The screen tube elements are arranged lengthwise from one end to the other to form screen tubes. Formed by these vertical connections between several elements of screen tubes, the screen tubes are directly responsible for transport through the minimum resistance around their walls. [8] Using these pores, which make up a large part of the structure of the screen plates, the diameter of the screening tubes can be regulated. This regulation is necessary for the screening tubes to react to changes in the environment and conditions in the body. [5] In host plants, mature phloem sieve tubes generally contain the highest concentration of phytoplasmas (Figure 3). Since phloem cells are living cells, this can be considered intracellular. In addition, intracellular phytoplasmas of different morphologies, some of which were probably caused by budding or multiplication, have also been found in the cytoplasm of an immature phloem element. In addition, phytoplasmas have been detected in the cytoplasm of phloemparenchyma cells alongside sieve elements, in parenchymal cells in or near the vascular system of cascuta shoots, and in coconut embryos. Although phytoplasmas are detected in seeds, there is no evidence that phytoplasmas can be transferred to next-generation plants. A large number of proteins are described in angiosperm sieve tubes, including at least 82 non-redundant RNA-binding proteins and the ubiquitin/26S proteasome proteolysis pathway machinery (Box 9.2) detected in pumpkin phloem juice (Lin et al., 2009).

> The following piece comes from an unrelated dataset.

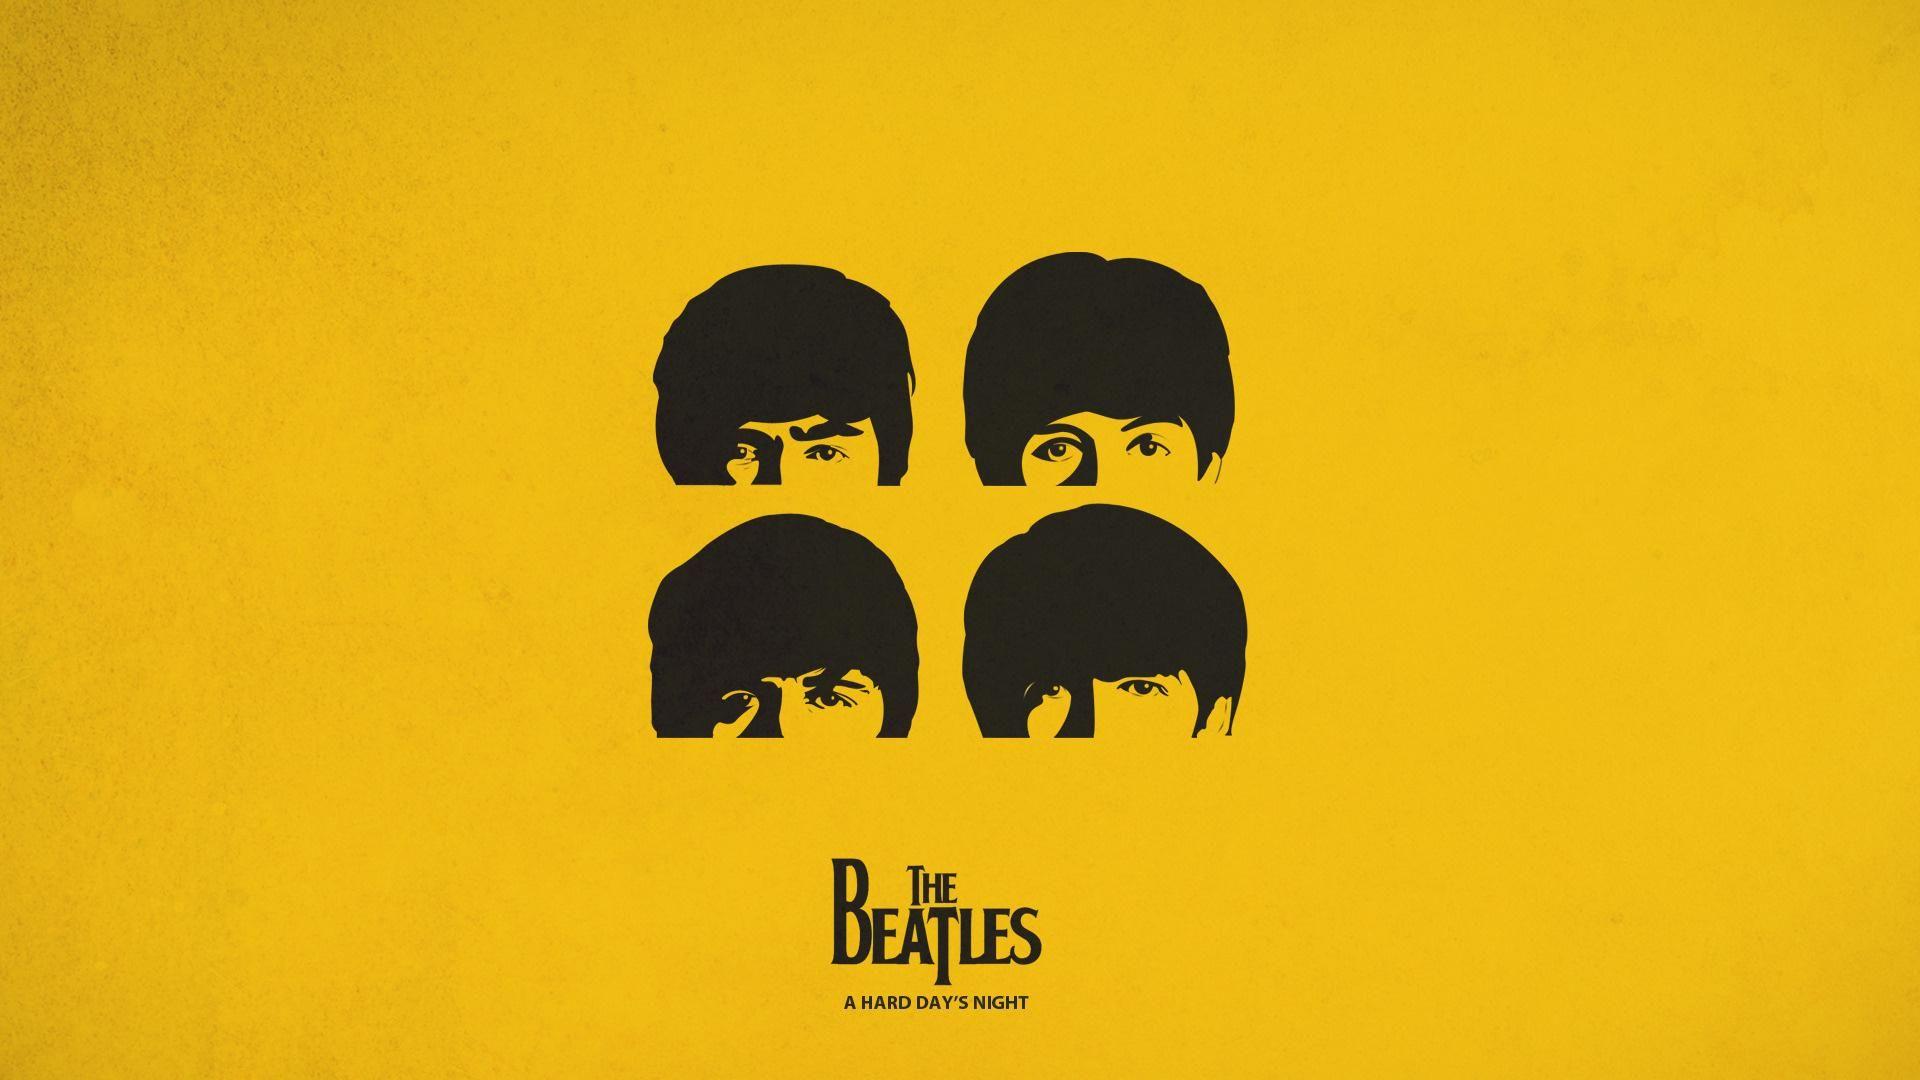 The Beatles Logo Background HD Wallpaper
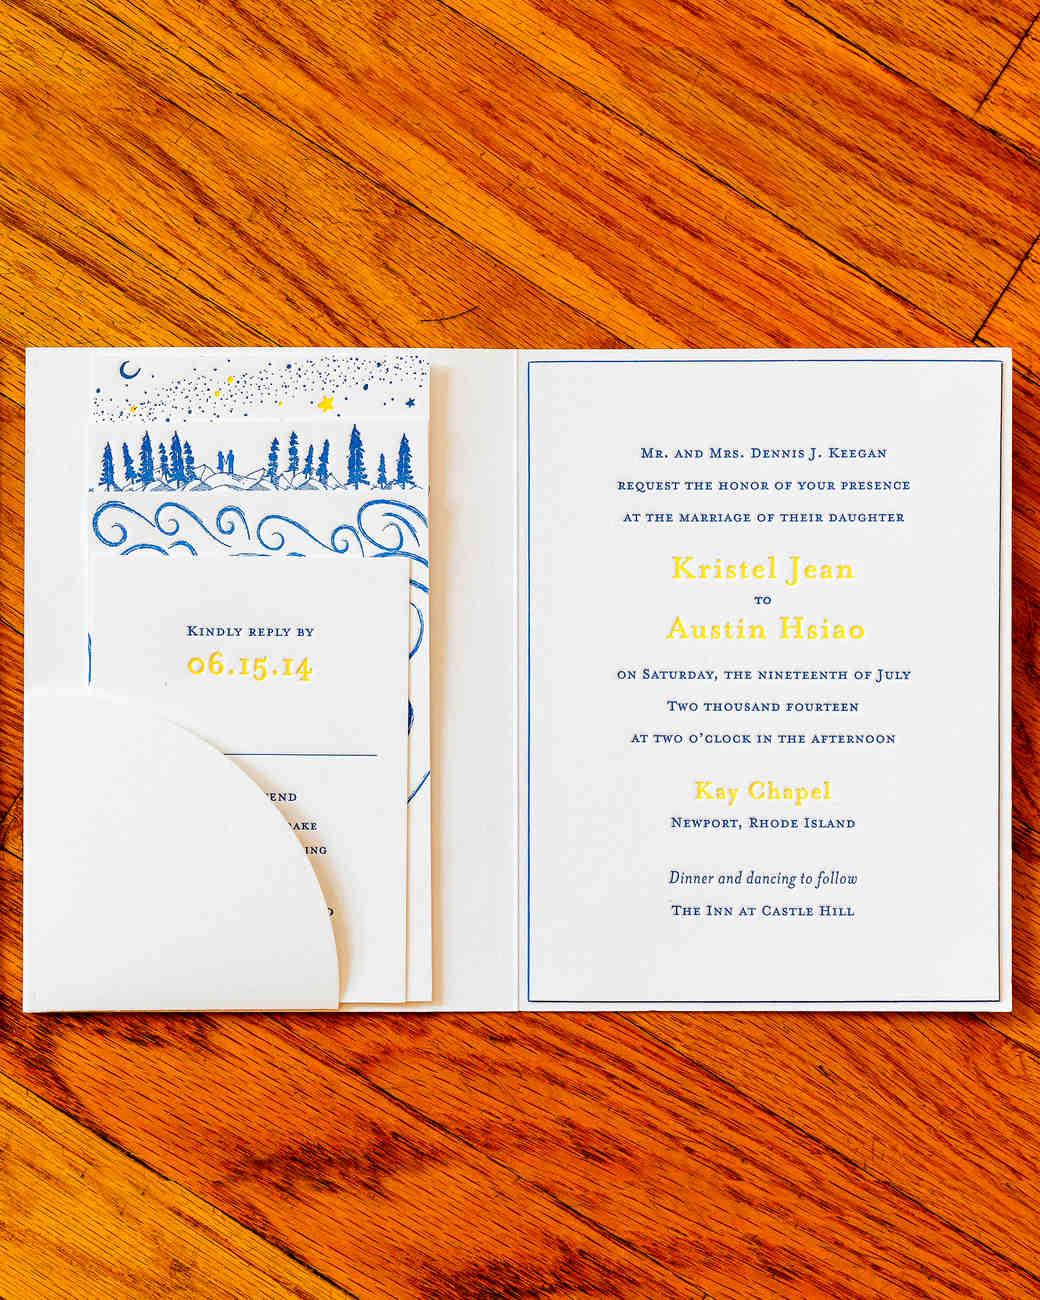 kristel-austin-wedding-invite-0282-s11860-0415.jpg

Some of these are host factors that have been identified as influencing the transport of viruses over long distances.

A sieved tube is a major component of the phloem tissue present in angiosperms. These cells are accompanied by companion cells that form an elegant transport system to deliver carbohydrates and other organic compounds to the rest of the plant parts. Sieve tubes and the cells that accompany them are dominant in this tissue. These cells are alive but have no nucleus. All space is used for the transport of nutrients. Here, the accompanying cells act to support these tubes. The tubes do not have ribosomes to synthesize proteins. Therefore, all functions managed by the ribosomes and nucleus are performed by the accompanying cells next to the sieve tubes.